A Texas couple was forced into a tough position on Election Day: quarantine — as instructed by Travis County public health officials — or vote in Tuesday’s primary runoff elections and take the chance of infecting others.
Linda Harrison and Vernon Webb were diagnosed with COVID-19 last week. Harrison said she has been wracked with a cough, congestion and intense fatigue. Her husband has slept most of the last two weeks.
The two still wanted to vote. Harrison said they vote in every election, even the local ones. But she said Travis County health officials contacted them and asked them to quarantine through the election.
Not only that but the evening before the election, she found out her COVID-19 test results wouldn’t be enough to qualify for an emergency absentee ballot — she needed a certified doctor’s note — and Harrison’s doctor was out.
The two couldn’t vote by mail either, because the deadline to register was July 2, before they were diagnosed.

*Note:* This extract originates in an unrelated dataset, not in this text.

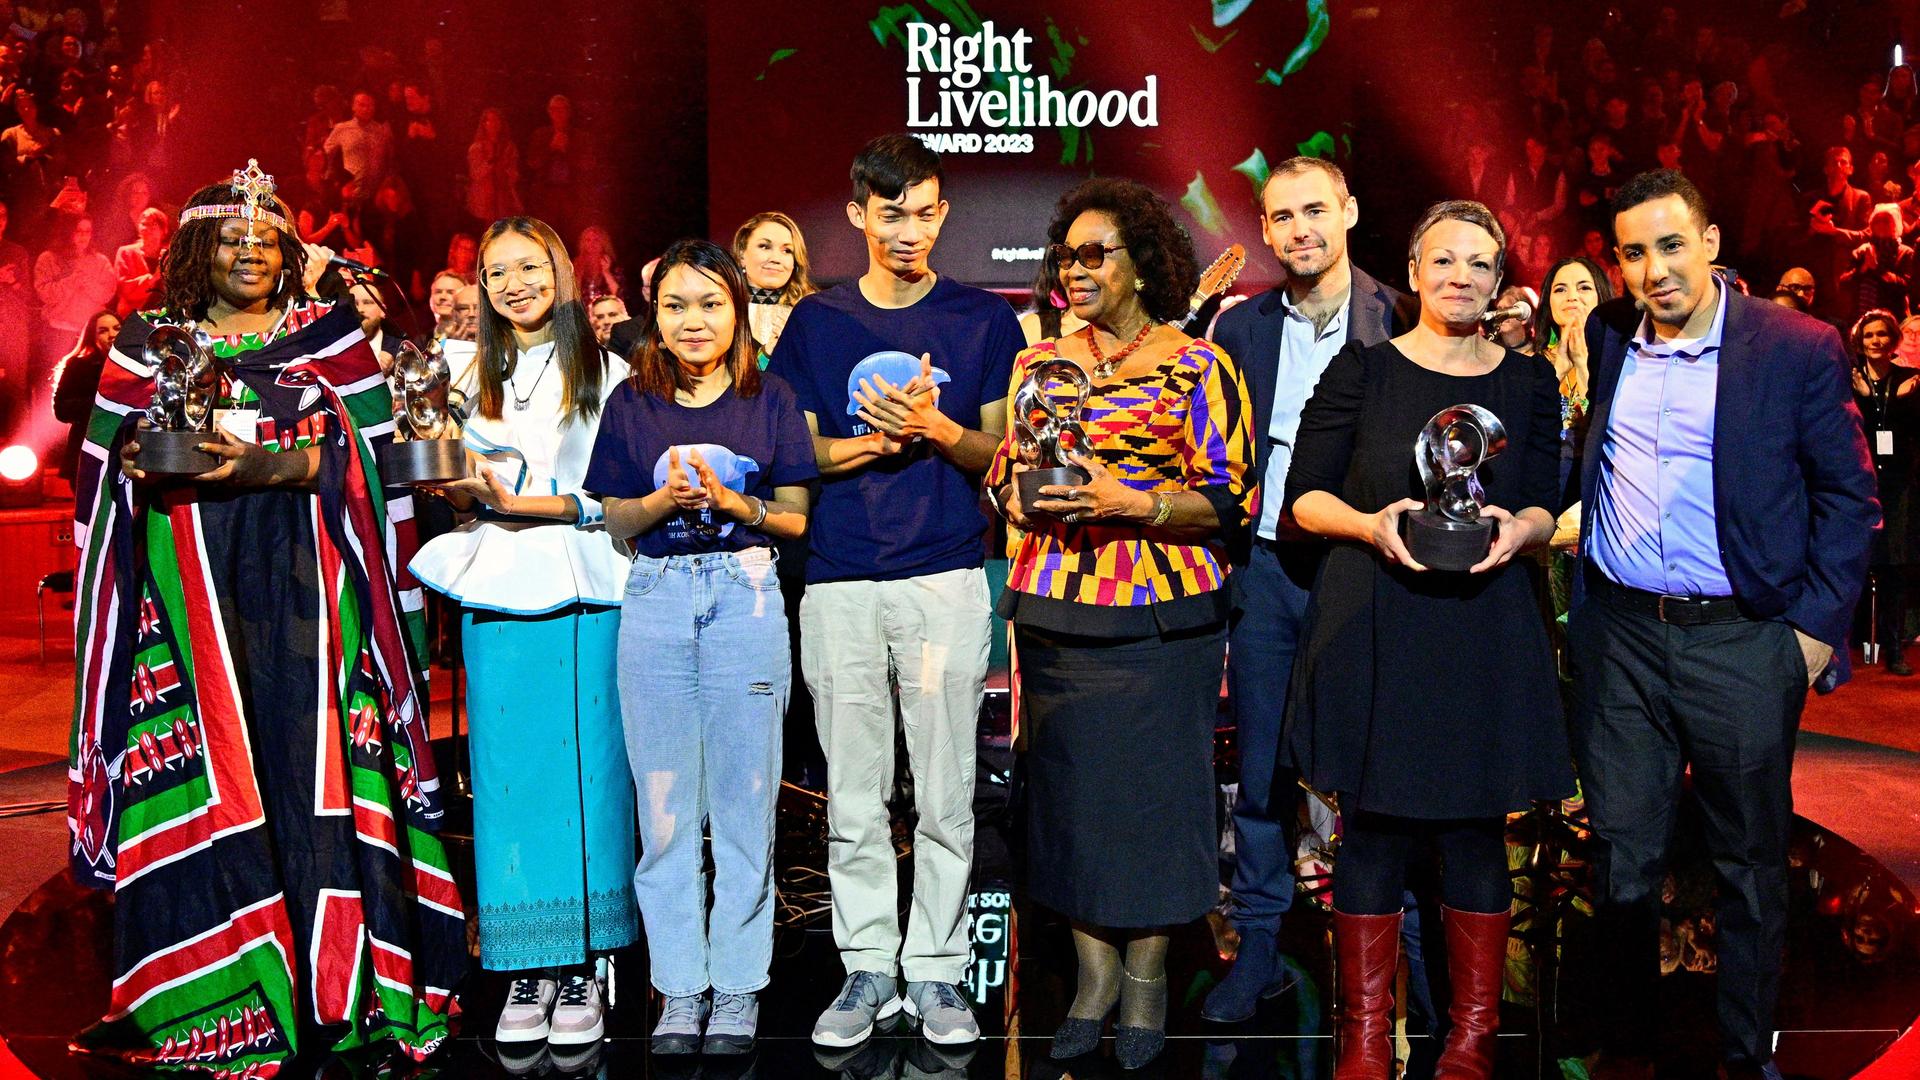 Eine Gruppe von Männern und Frauen, eine davon in afrikanischem Gewand, steht auf einer Bühne mit der Aufschrift "Right Livelihood Award 2023". Sie halten ihre Auszeichnungen in den Händen.

“How many people are in this situation?” said Harrison, “We cannot be the only ones.”
About 68,000 other Texans were diagnosed with the disease since July 2. Elections advocates said they heard from about a half dozen but suspect many more.
“I just think it’s ridiculous in this day and age that we can’t say, ‘this is the situation going on with me and I need a ballot so I can exercise my right to vote,’” Harrison said.
Harrison reached out to the Texas Civil Rights Project, which sued Travis County on behalf of the couple. The injunction was denied Tuesday afternoon.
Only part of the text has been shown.